God’s Grace is Enough
“I knew it, before I heard it,
Always trust your gut instinct, “You have Parkinson’s”. Doctor, tell me something I don’t know, Parkinson’s starts in the same place (gut) Lewy Bodies folding; axioms aflamed; dendrites adrift Words you never want to hear You know, an “Atomic Event”; a club you don’t want to join, The rest of your life blown up “Normal” is not normal anymore, Your life will never be the same No known cause, no known cure, Perseverance builds hope, through character What will the new normal be? God’s Plan, not mine! F.E.A.R. (Future expectations appear real) sets in, A loving wife, children and friends’ prayers begin I was happy being a warlord of commerce, I did not know I could be loved so much The thrill of the kill; the taste of blood, I learned that my life is not about me! Unwanted tremors shake digits, “Shaken, not stirred” reaches other’s hearts Now thoughts disappear mid-sentence, Will I be able to live, what I used to preach?
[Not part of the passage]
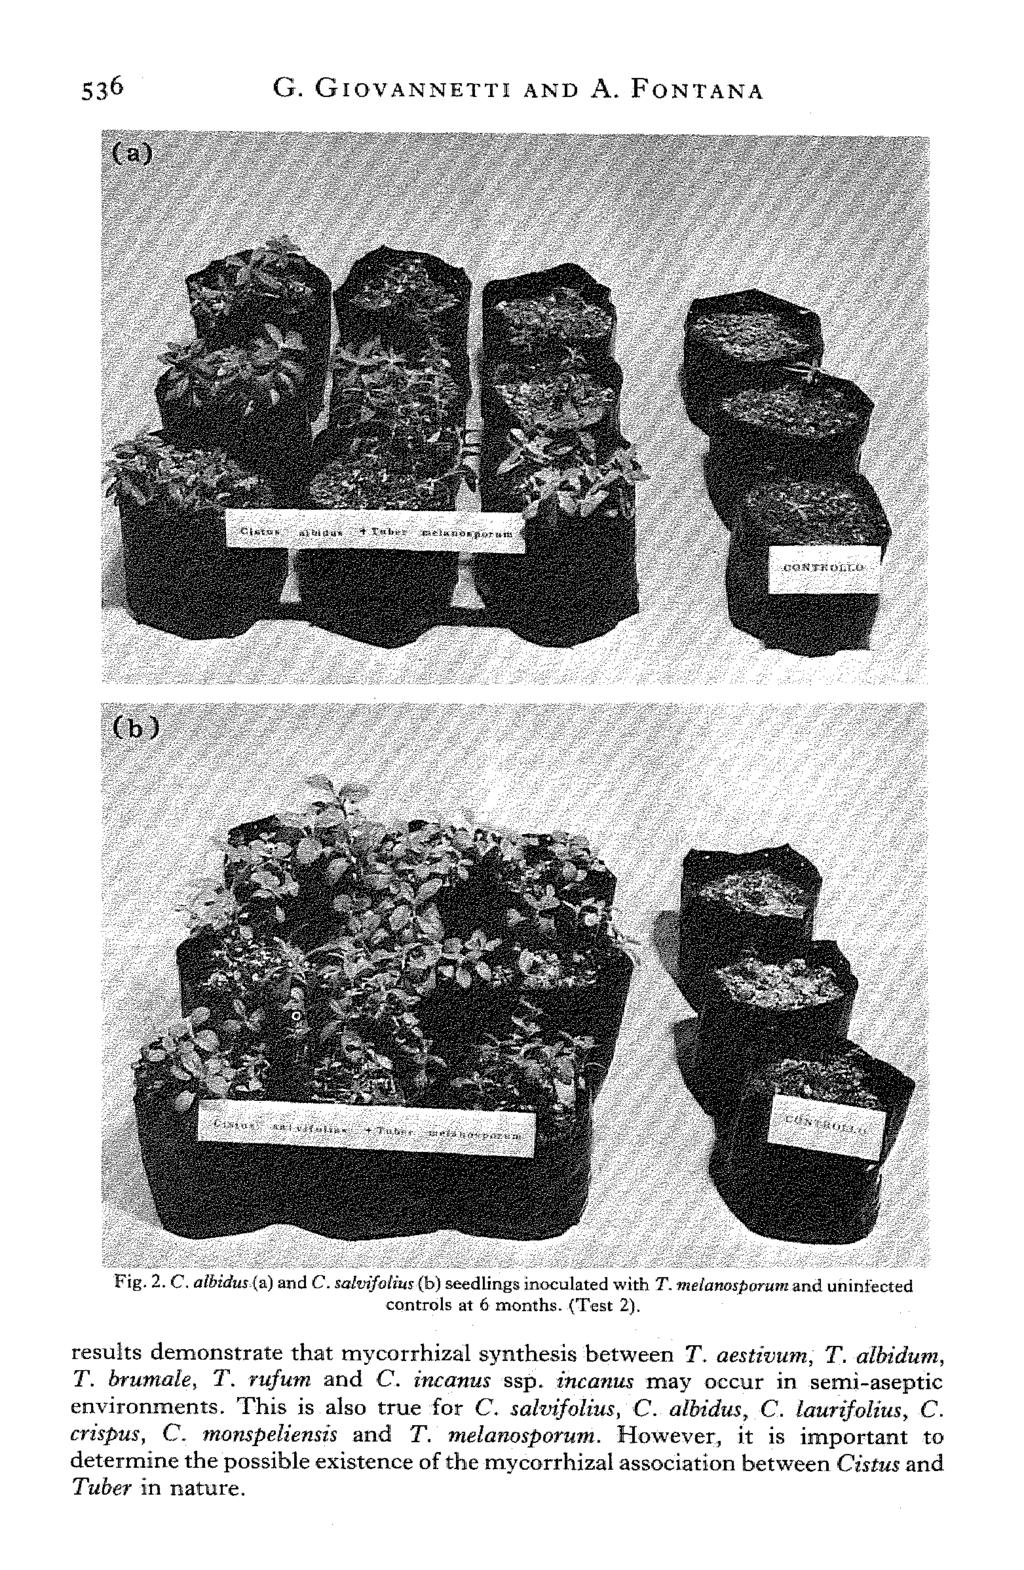 S36 G. GlOVANNETTI AND A. FONTANA (a) (b) Fig. 2. C. atbidus (a) and C. salvifolius (b) seedlings inoculated with T. melanosporum and uninfected controls at 6 months. (Test 2).
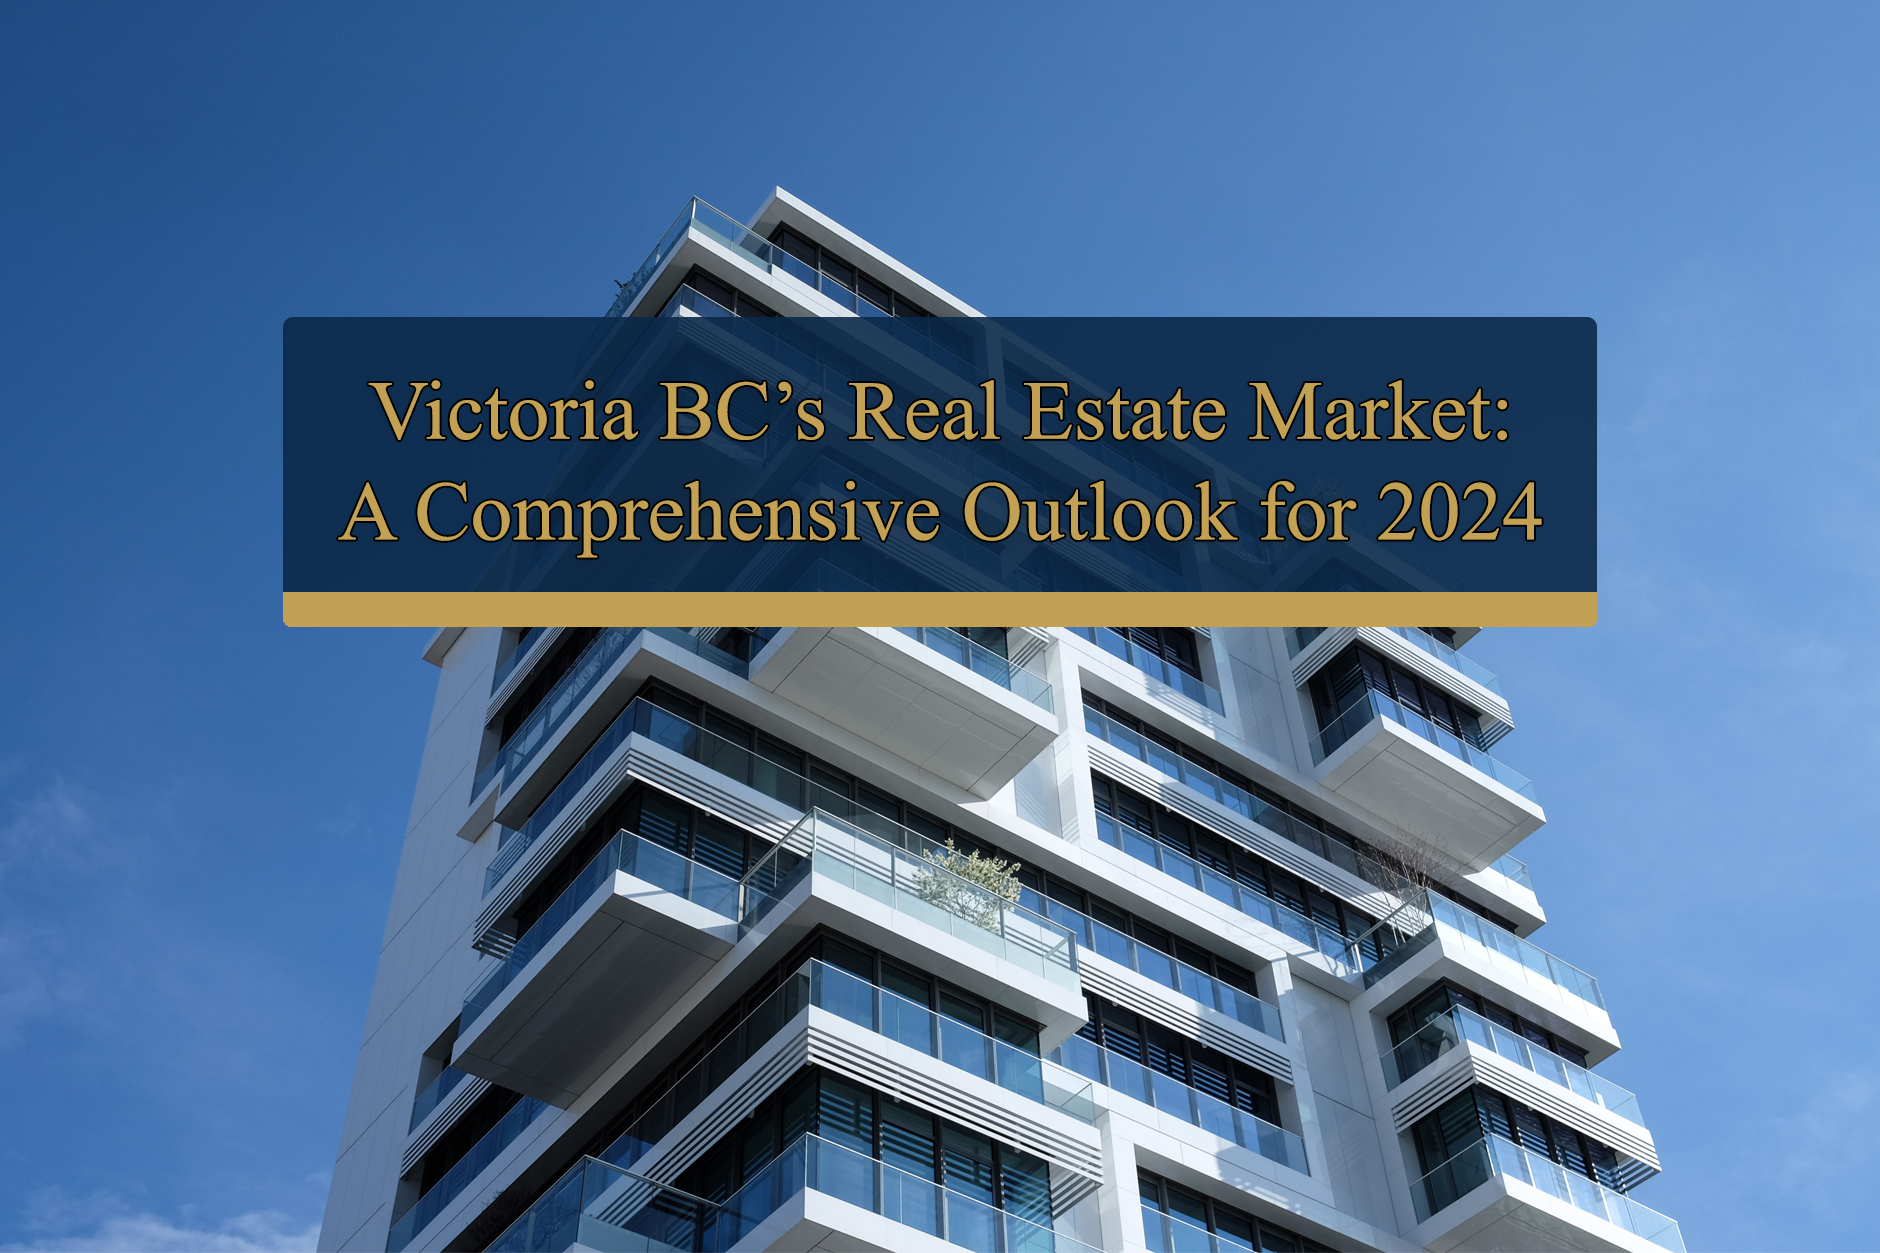 Victoria BC's Real Estate Market: A comprehensive outlook for 2024

Emotions ignited, tears at the drop of a word, “Disease Ambassador”…..now set free Night Terrors, the Tiger-man is loose Oh, the peace that passed all understanding Fatigue, too tired to sleep, More “On” than “Off”, Drugs three times a day, everyday They just mask the symptoms, why do I even pay? Quiet, small voice…What did you say? Kinder, gentler words sing from my mouth Swallowing, choking, and a lot of drool, God’s grace, oh what a powerful tool Gone are hoop teams and tying my own flies, Try something new…the view from a 14’er, priceless My life is not falling apart, It is falling into place The Warlord of Commerce’s creation, smashed into bits, Now I can build the mosaic of my life My Life is upended, Just as God had intended for me!